Suppose an illness that can affect 1% of the people. Also assume that there is a test for that illness, that gives the correct result 99% of the times.
If you take that test, and receive a POSITIVE result, should you worry much?
If you take it again, and once more get a POSITIVE, should you worry then?
How many consecutive POSITIVEs would you have to get in order to be sure that the chances of a wrong diagnostic are 1 in a million?
I'm afraid this statistical effect is very common in real life, yet it is not understood by our society. For example, there have
been many documented suicides among university students who have received a
false positive in a single HIV test. Now many labs run at least two independent tests before giving out a positive.
The chances of sentencing an innocent person in our courts are also
"pulled" by this statisticall effect.
For the sake of arguing, let's assume the prosecution and judicial system is correct 99.99% of the time.
This is ok for common crimes, but for uncommon crimes the ratio of convicted
innocent to total number of convicted people starts going up dramatically. For example, let's
suppose that 0.01% of the population has ever committed a murder. Then the
chances of an innocent person being convicted are 50%!!!!.

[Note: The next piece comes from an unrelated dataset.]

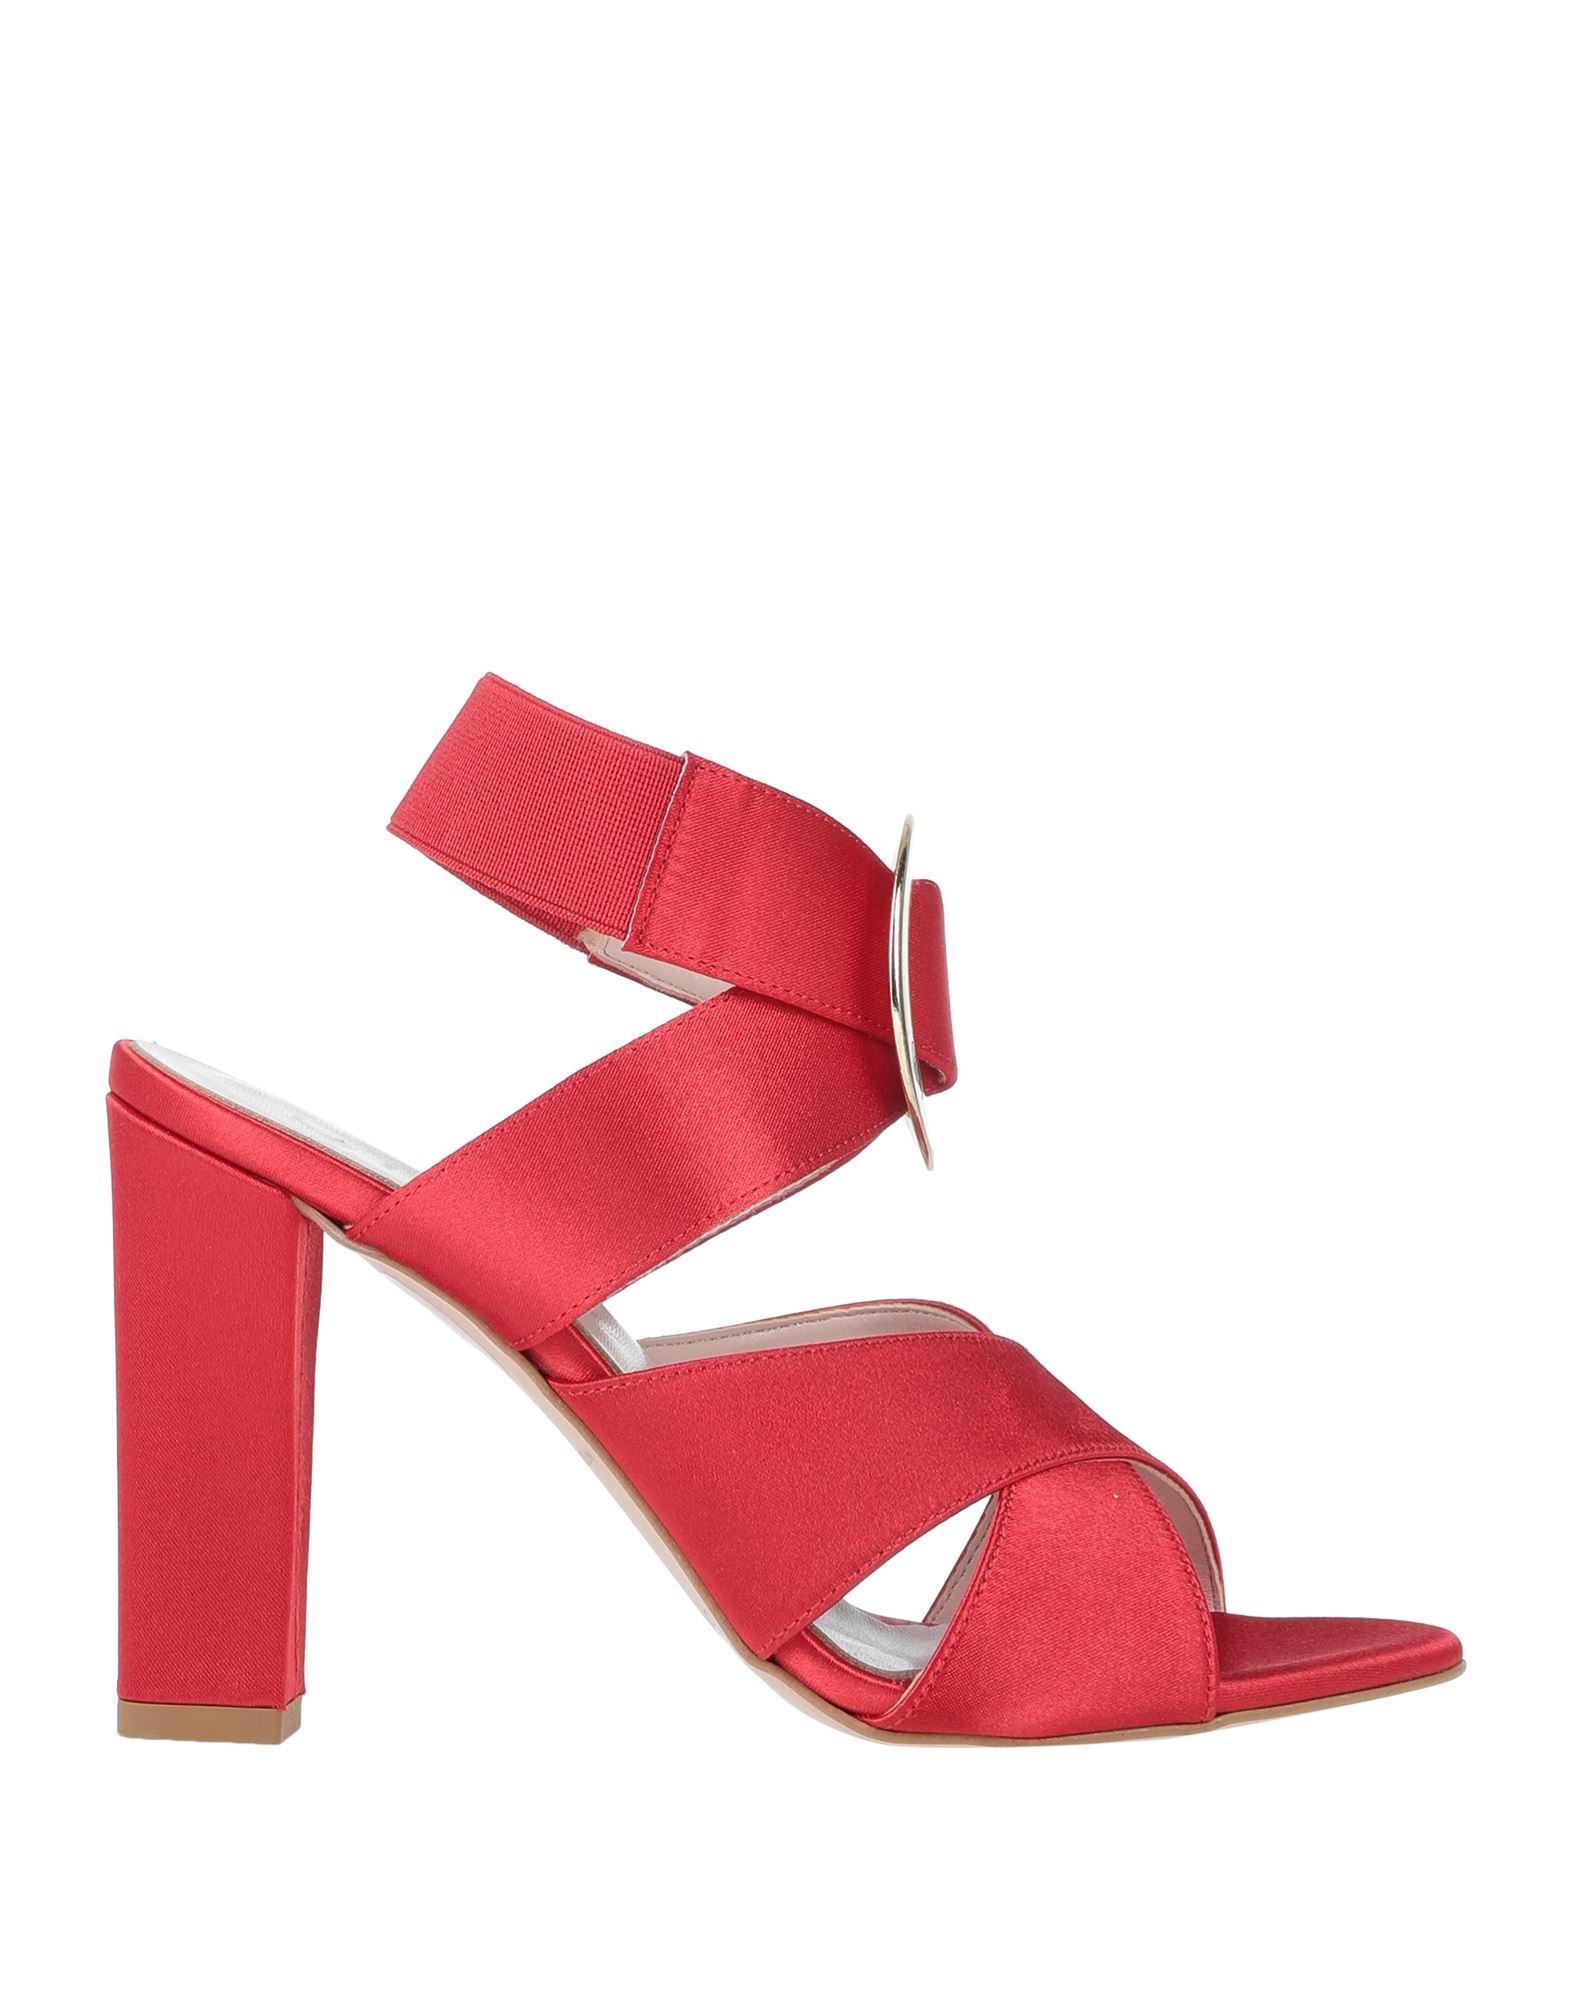 Byblos Sandals In Red

Of course in real life these numbers might be different, but the same statistical
effect that brings the number of false positives up is present in lot's of aspects of our life.
I wonder how many people are aware of this. No one seems to bring it up in any
of the debates I've seen about the burden of proof or the death penalty. They
will debate about the 99.99% number (how often the justice system is correct),
but that's about it.
A less exciting example is the number of people with "false positive"
lottery tickes that show up at the lottery office. The people who claim
the common prizes ususally have a winning ticket, but in the case of
the jackpot a good percentage of them make an honest mistake.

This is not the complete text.